About this exercise: When you write out the listing, keep each word exactly as it stands but include none of its images.

Data shown:
********************

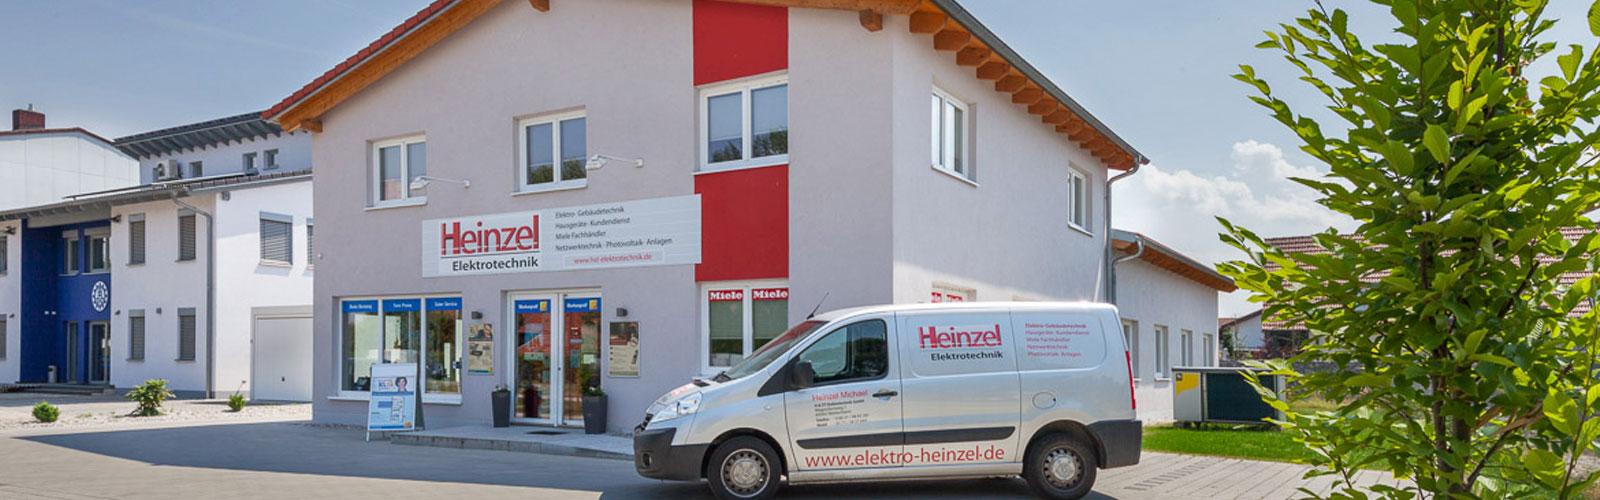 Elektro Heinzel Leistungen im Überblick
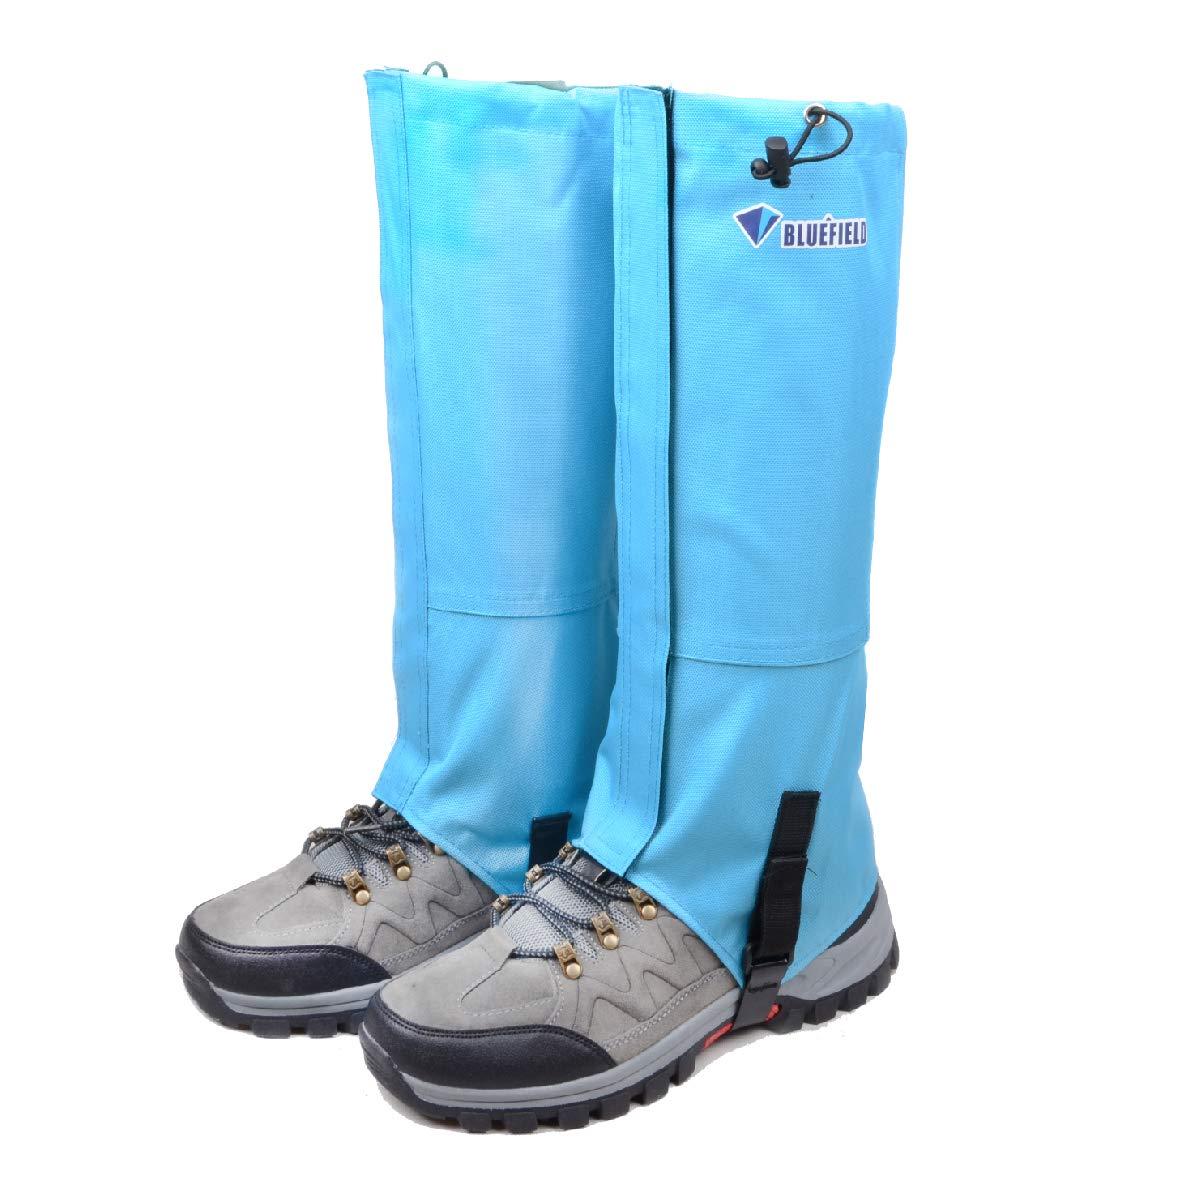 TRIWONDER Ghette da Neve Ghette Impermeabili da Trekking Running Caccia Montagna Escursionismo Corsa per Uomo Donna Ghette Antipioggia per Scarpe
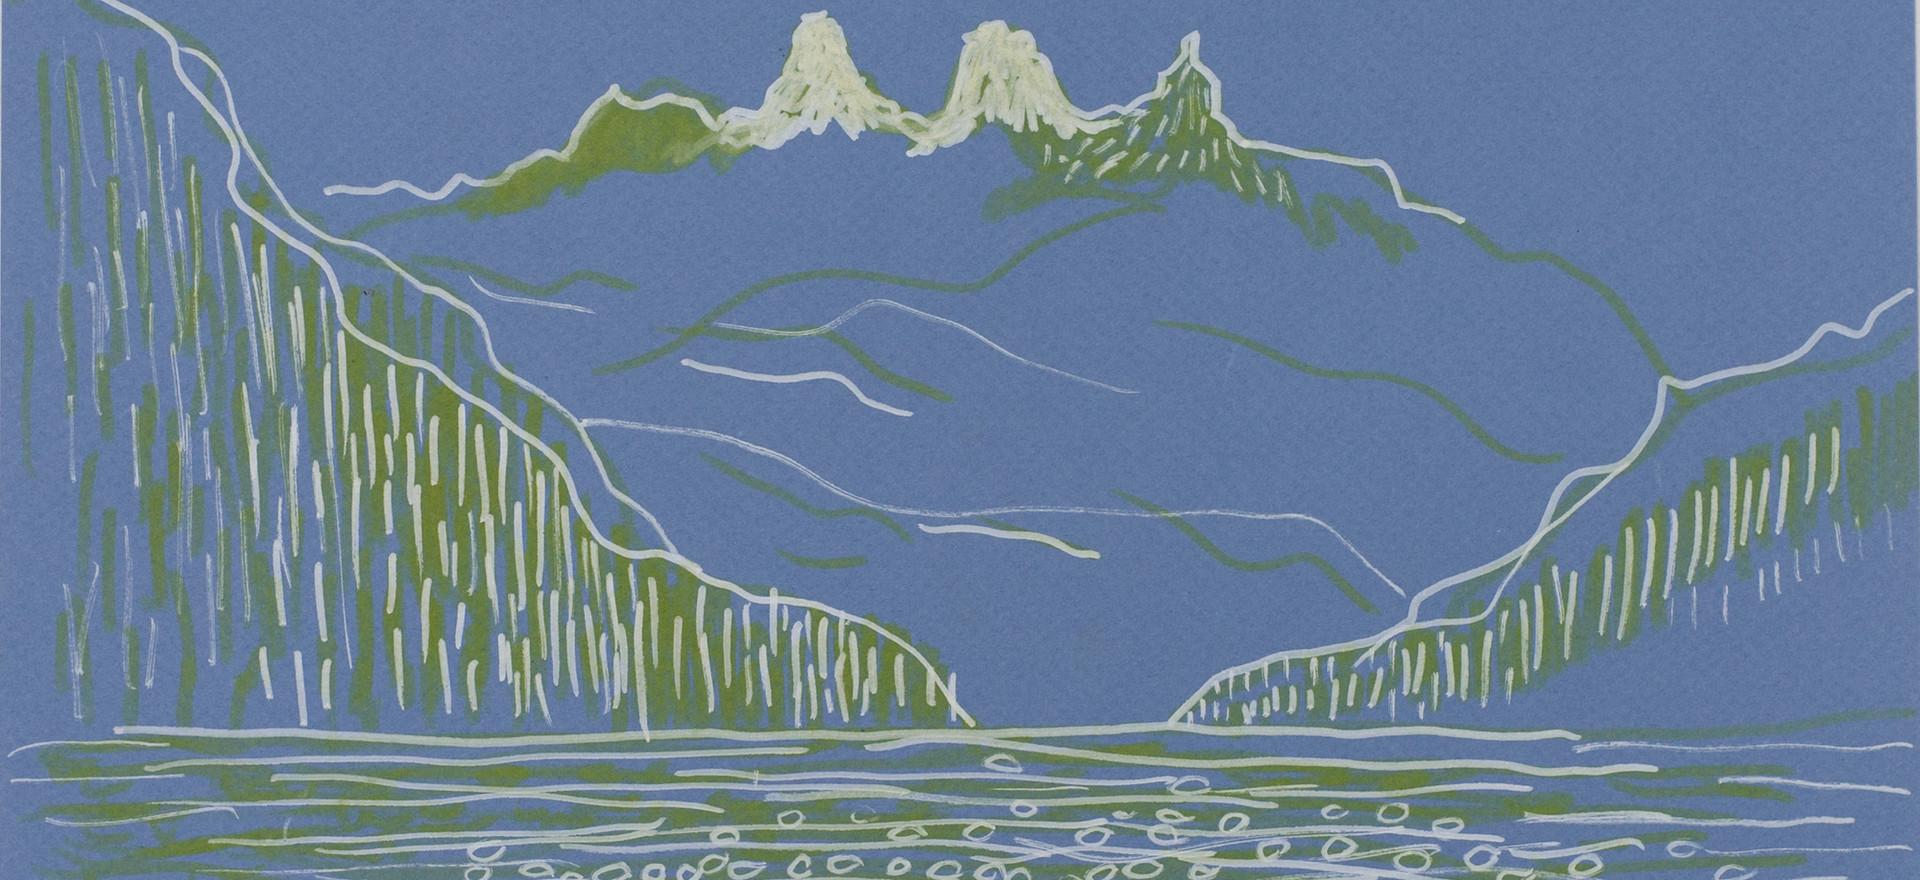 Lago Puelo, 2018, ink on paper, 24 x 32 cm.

********************

Reply to the exercise:
 Elektro Heinzel Leistungen im Überblick
 TRIWONDER Ghette da Neve Ghette Impermeabili da Trekking Running Caccia Montagna Escursionismo Corsa per Uomo Donna Ghette Antipioggia per Scarpe
 Lago Puelo, 2018, ink on paper, 24 x 32 cm.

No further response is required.